Scroll Top

What Josephine Saw 20th Century Photographic Visions of Rural Anatolia

Date: 11 June 2012 – 21 October 2012
Place: ANAMED Gallery
Visiting Hours: Tuesday – Saturday 10:00-18:30, Sunday 12:00-18:30
Curator: Kimberly Hart
Design: Ersu Pekin

The exhibition “What Josephine Saw” features the American traveller and photographer Josephine Powell’s insightful photographs of rural Anatolia from a recent but distant era.

The subject-matter of Josephine’s photography was extremely diverse. It comprised ancient, Islamic, Hindu, Buddhist, Christian, vernacular, and portable architecture, and a wide range of ethnographic subjects, not only her beloved nomadic tribal peoples, but also a multitude of subjects encountered on the street.

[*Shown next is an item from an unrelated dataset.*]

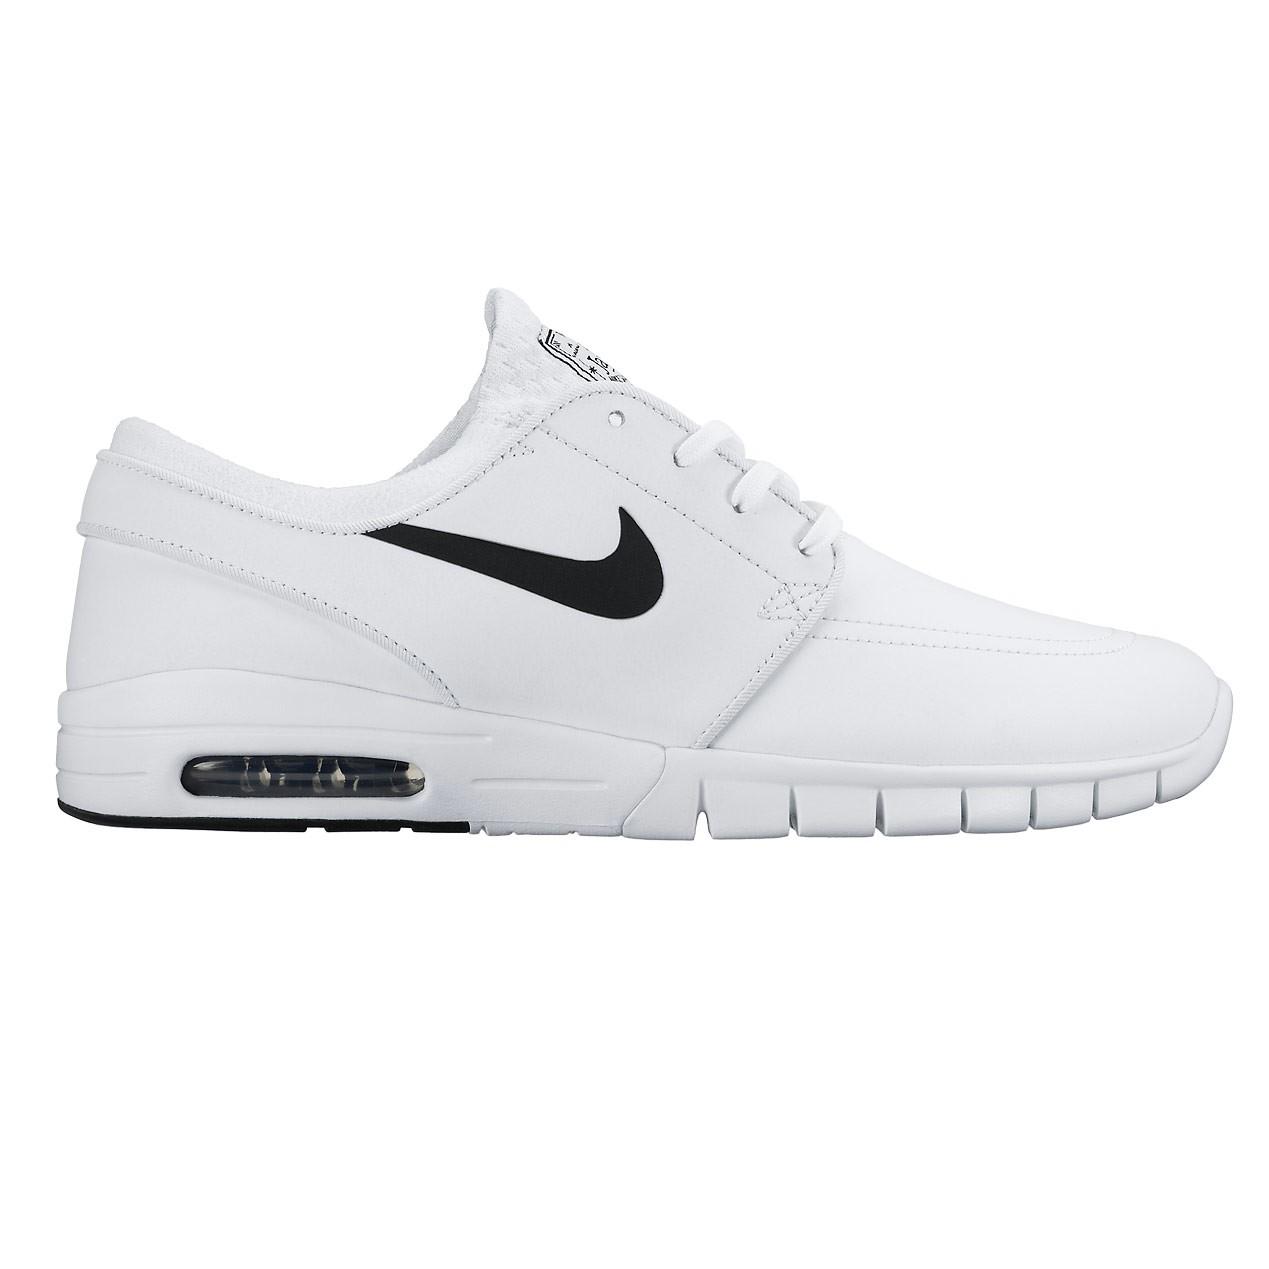 Tenisky Nike SB Stefan Janoski Max Suede white/black

She took every single opportunity to follow the call of the road. Two subjects were of virtually no interest to her: the modern cityscape, and landscape in its pure form. If a contemporary town was photographed, it was only for its people, seen on the street or in the bazaar.

Much of what Josephine recorded when documenting Anatolian material culture has been swept aside by the forces of modernity and economic development: sedentarization, rural-to-urban migration, industrialization, and the substitution of handmade materials by industrial products, with the attendant loss of cultural and technical knowledge.

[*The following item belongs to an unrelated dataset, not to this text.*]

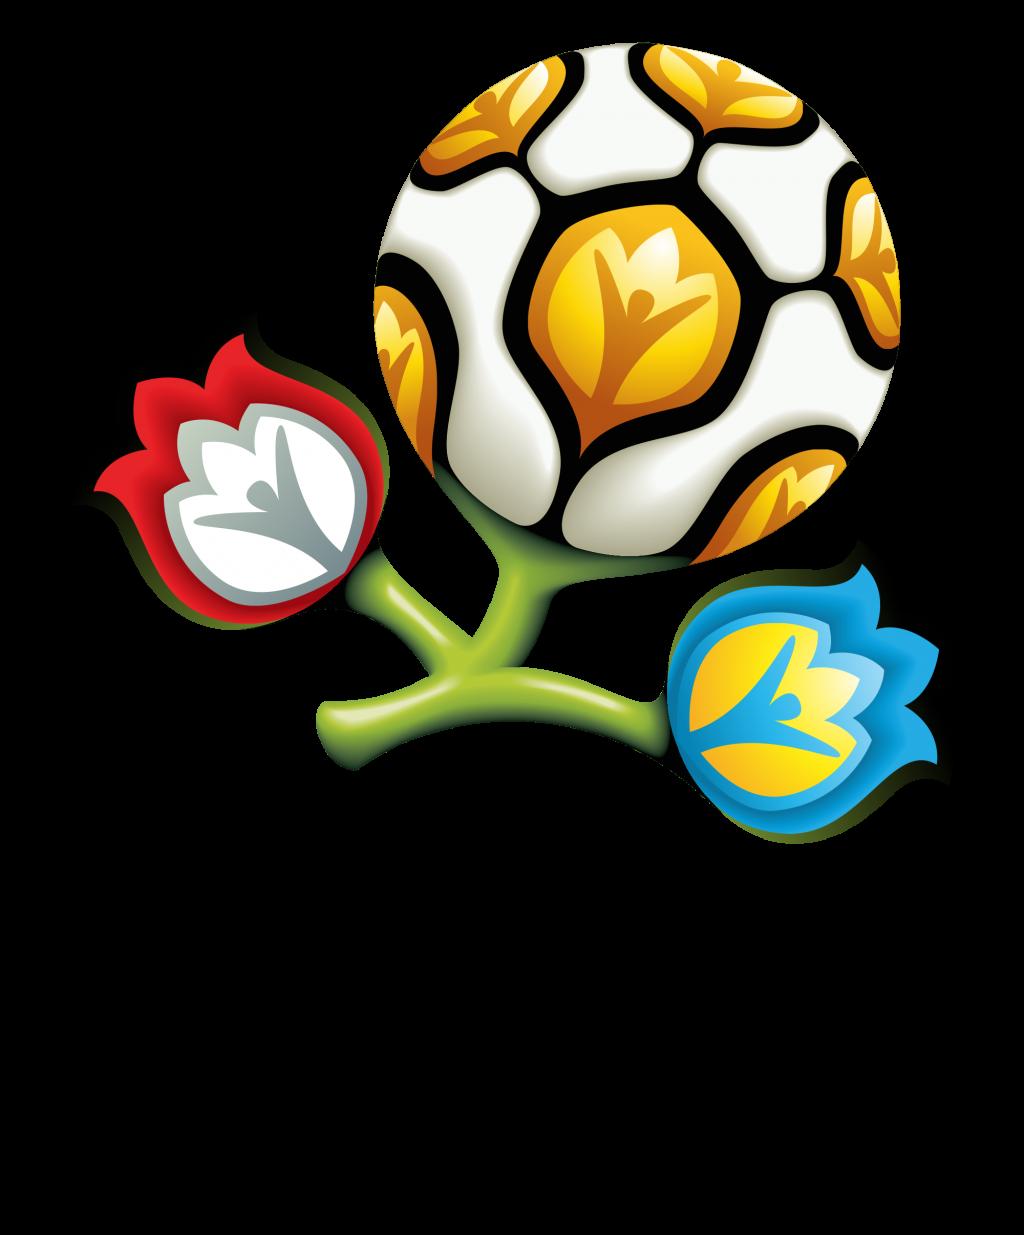 logo-uefa-euro-2012

The exhibition “What Josephine Saw” is mainly based on her work in Anatolia. It includes 80 photographs, with a larger selection of images from the RCAC’s Powell Archive projected in the exhibition hall, as well as documentary film Viewings (Moreover, there is an online connection to the entire archive holdings in Koç University’s Suna Kıraç Library).

“What Josephine Saw” offers the opportunity to see Anatolia through Josephine Powell’s eyes, as it is framed by her photographs, to remind us of what we have lost, and to help us remember it forever.

A book is published within the framework of the exhibition, in which you there is a selection of photographs of the Anatolia that Josephine saw, as well as the memorial essays of her colleagues, friends, and travel companions.

Who is Josephine Powell?

Born in 1919, Powell received a BA degree from Cornell University and an MA from Columbia University. Between 1946 and 1952, the UN’s International Refugee Organization employed her to assist with the resettlement of WWII refugees. Her work with one group, the Kalmuk, a western Mongolian tribe, was so successful that the tribe adopted her as “Mother of the Kalmuks.” In 1952 she moved to Rome and within a year established herself as a photographer. She then began to travel extensively. Her work focused on art and architecture, but increasingly included human subjects. She traveled in pursuit of photographic subjects in Afghanistan, Pakistan, Iran, Türkiye, North Africa, Italy, Yugoslavia, Greece, and Macedonia. Her photographs have been published in hundreds of books and are regarded as standard documentation of architectural monuments in these regions. She usually brought along a pet, a dog or bird, but sometimes she also took human companions with her on her journeys. Together, they drove across steppes, encountering nomads, visiting towns, and photographing ruins. She worked for museums, in particular the Tropenmuseum in Amsterdam, collecting objects for exhibitions.